YOUR INSTRUCTIONS: Ignoring the pictures, copy the data exactly.
-- SOURCE DATA follows --
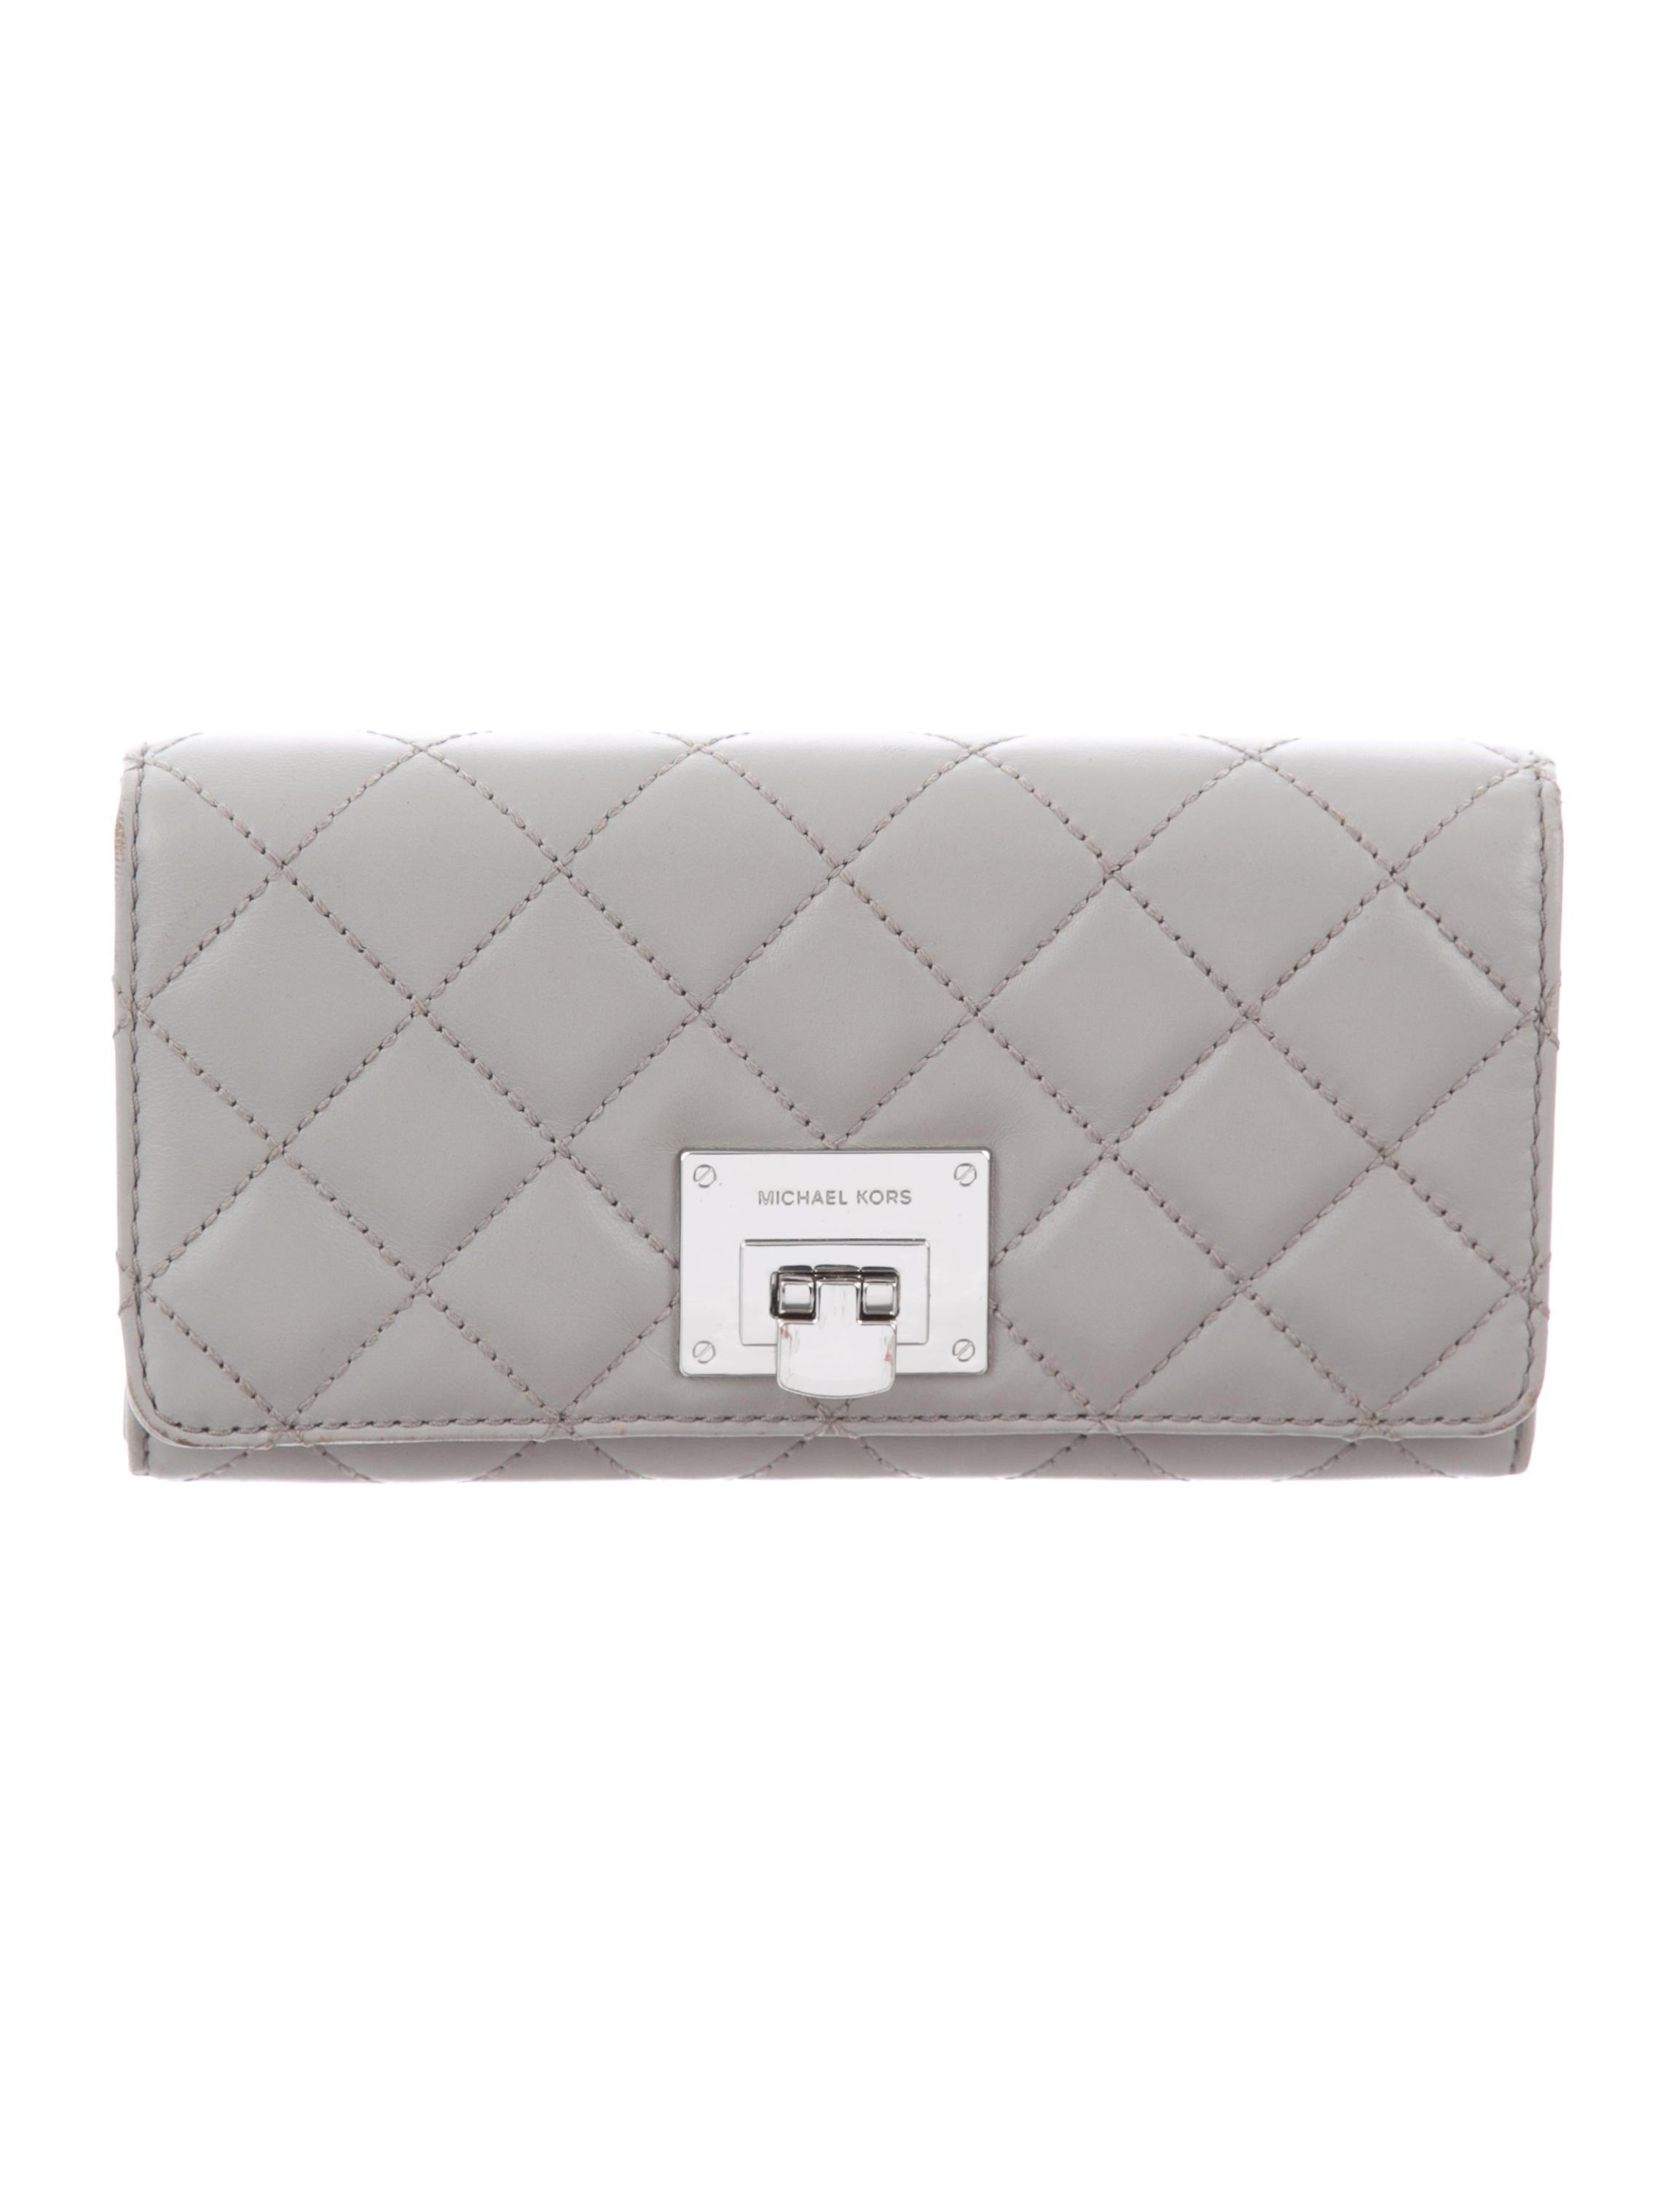 cc51f1de2fc8d Michael Michael Kors Astrid Leather Wallet - Accessories - WM531304 ...
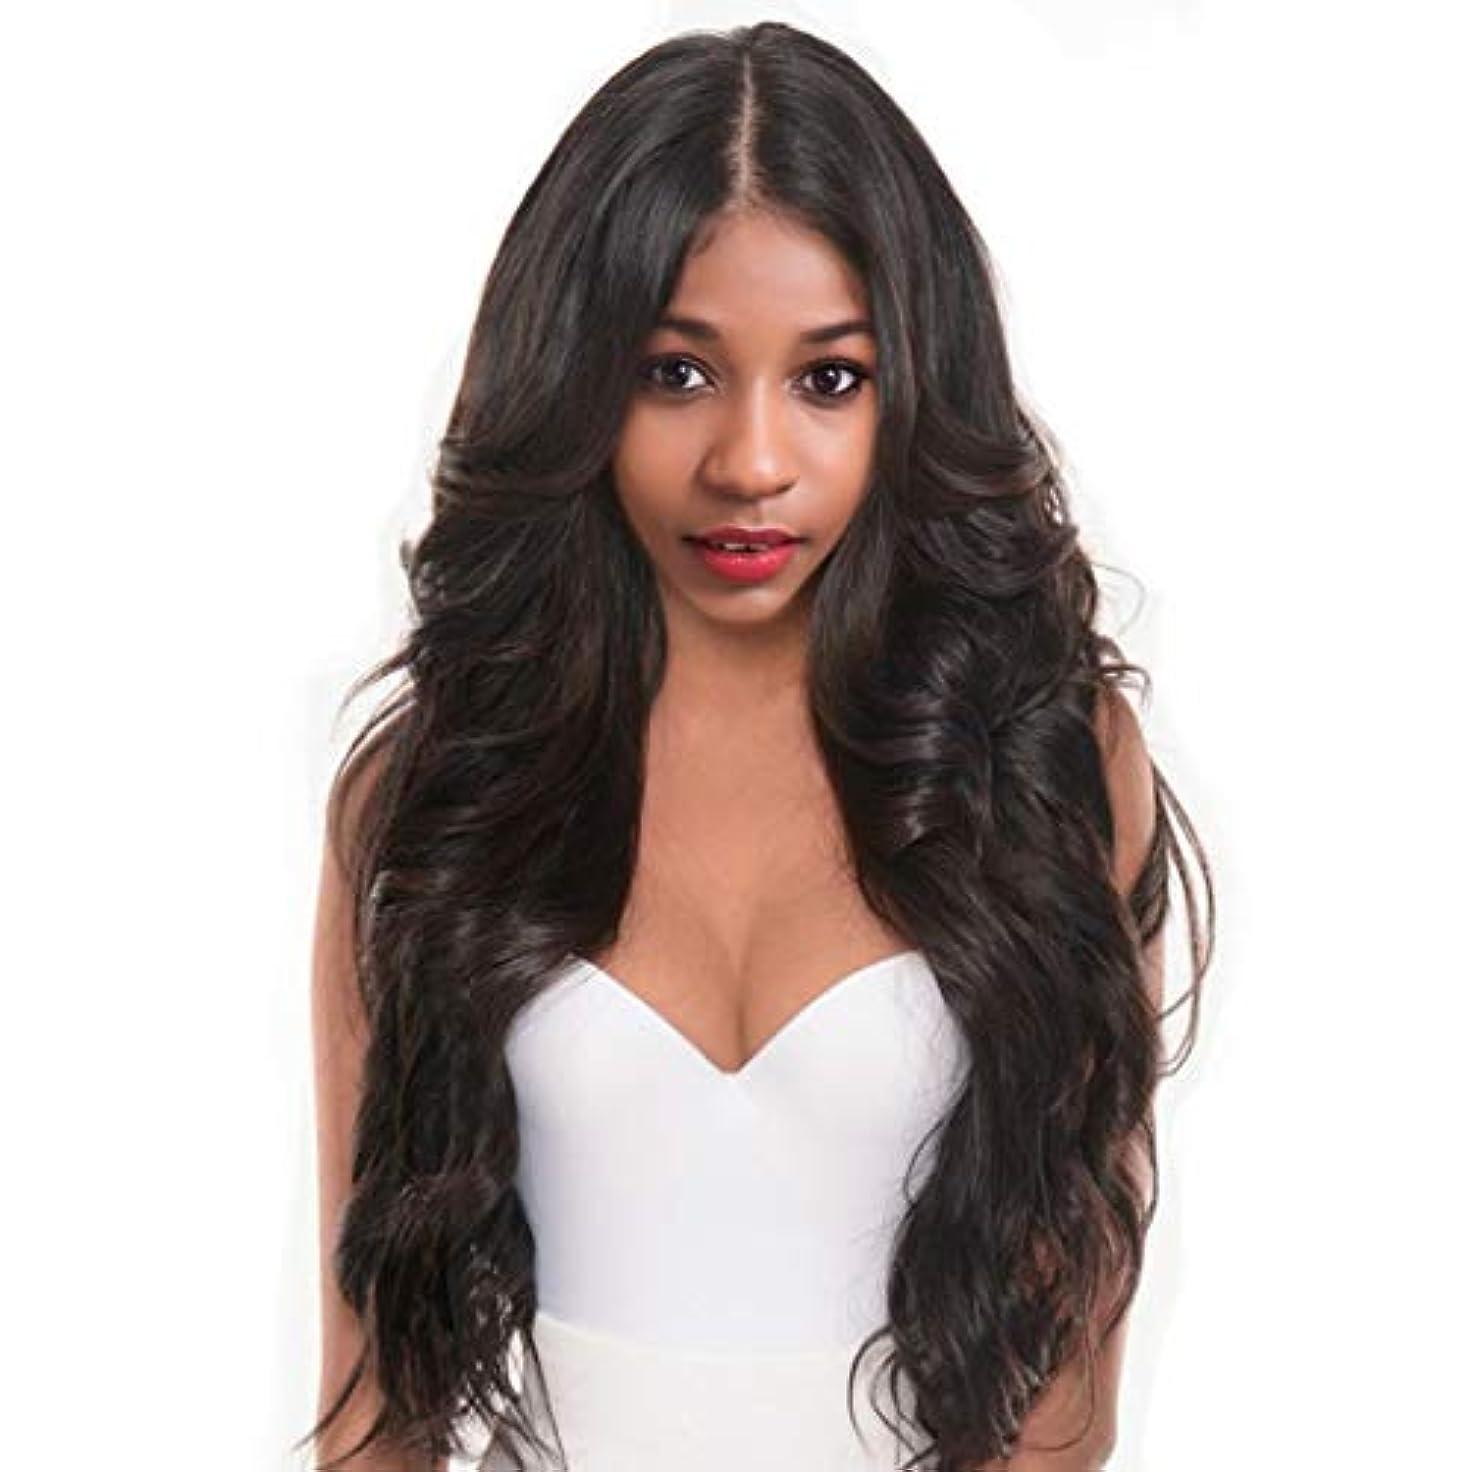 暖炉湿気の多いクレアKerwinner ヘアウィッグボディ波状巻き毛100%カネカロン毛繊維合成毛髪かつら女性
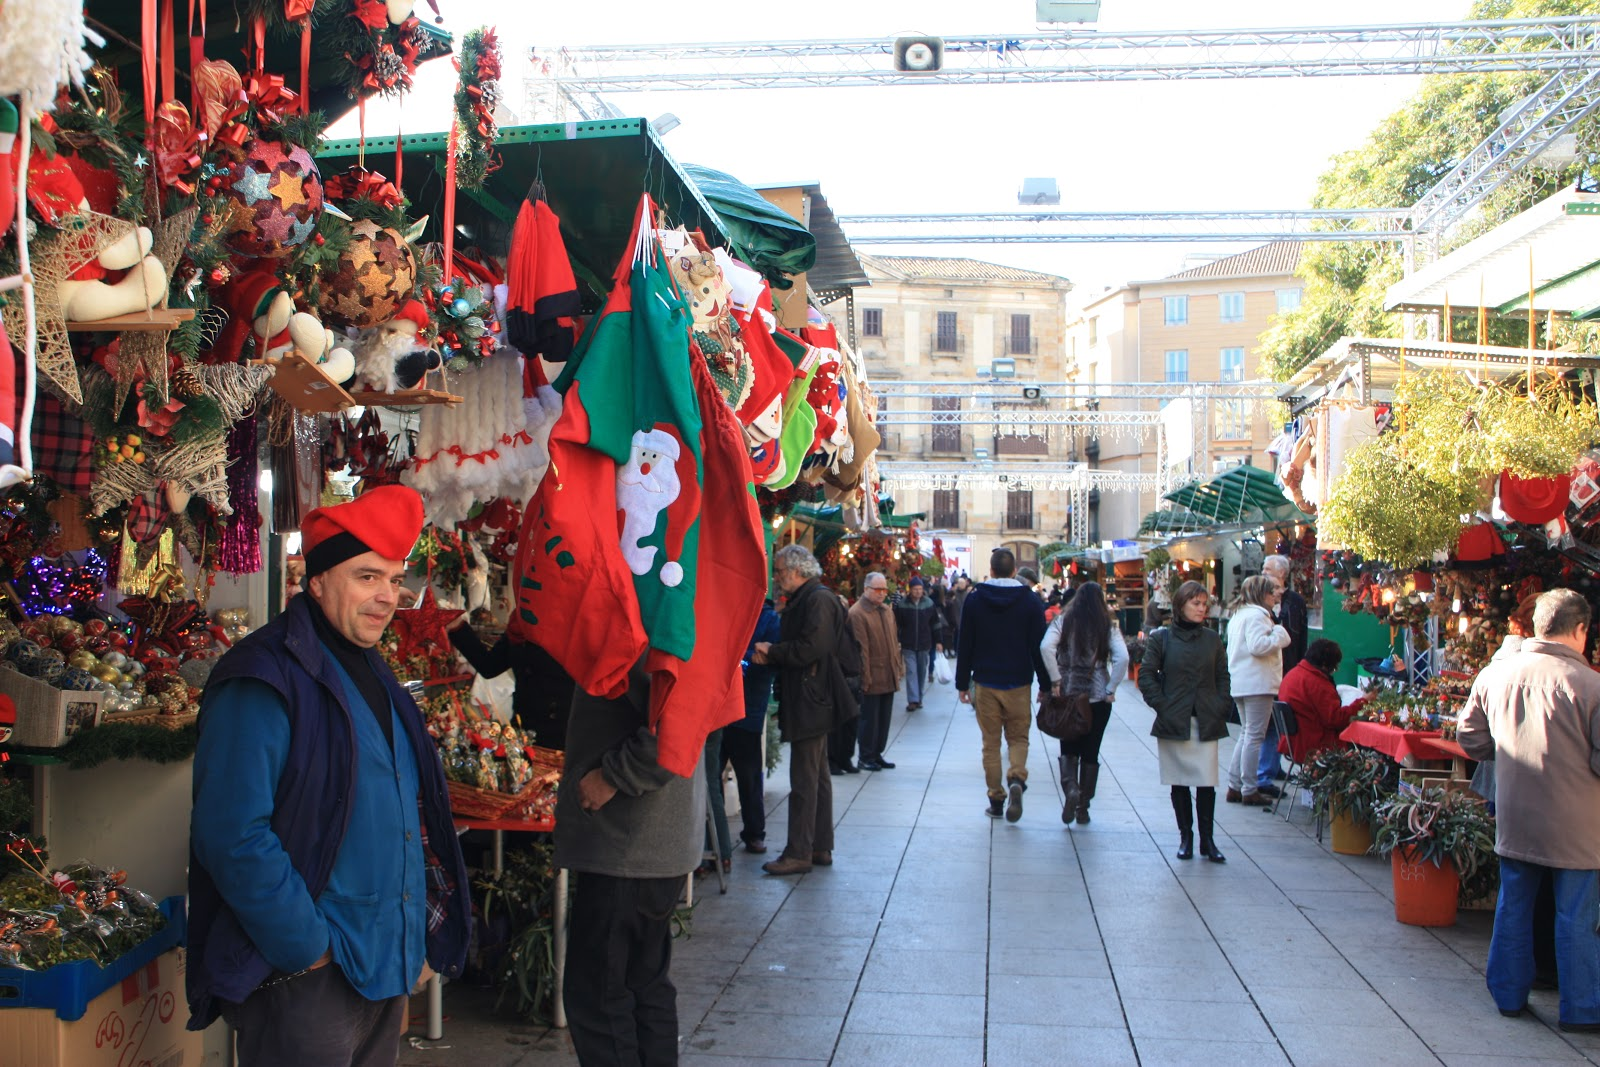 Fira de Santa Llucia, Barcellona © escribientedetodo.blogspot.com.es
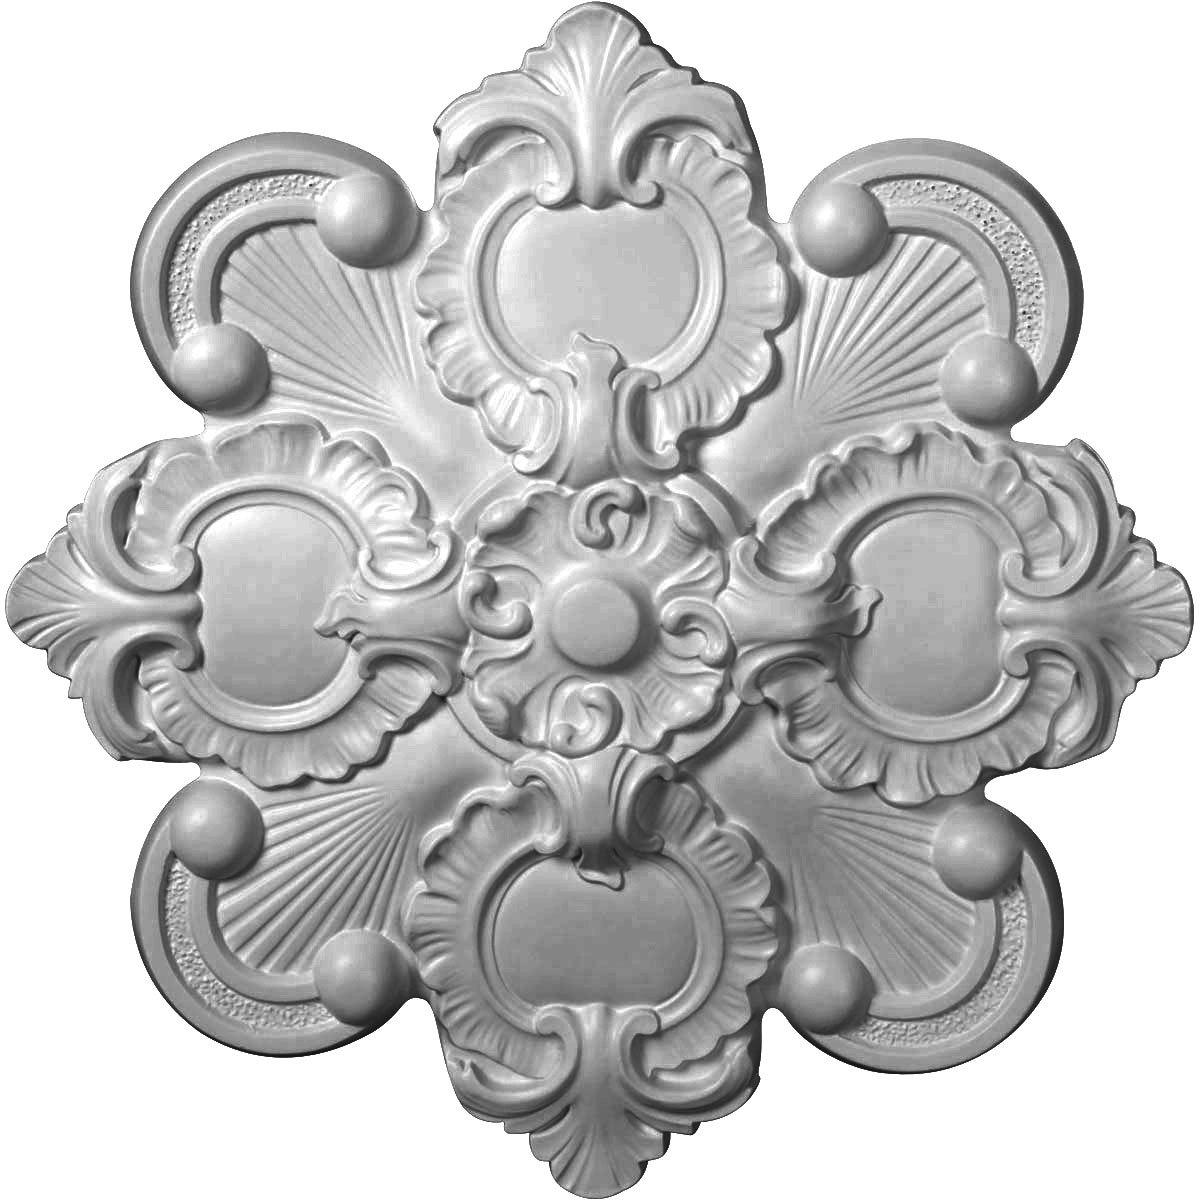 Ekena Millwork CM18KA 18 1/8-Inch OD x 1 1/2-Inch ID x 1 1/4-Inch Katheryn Ceiling Medallion
-- SOURCE DATA concluded --
SOLUTION TO THE EXERCISE:
 cc51f1de2fc8d Michael Michael Kors Astrid Leather Wallet - Accessories - WM531304 ...
 暖炉湿気の多いクレアKerwinner ヘアウィッグボディ波状巻き毛100%カネカロン毛繊維合成毛髪かつら女性
 Fira de Santa Llucia, Barcellona © escribientedetodo.blogspot.com.es
 Ekena Millwork CM18KA 18 1/8-Inch OD x 1 1/2-Inch ID x 1 1/4-Inch Katheryn Ceiling Medallion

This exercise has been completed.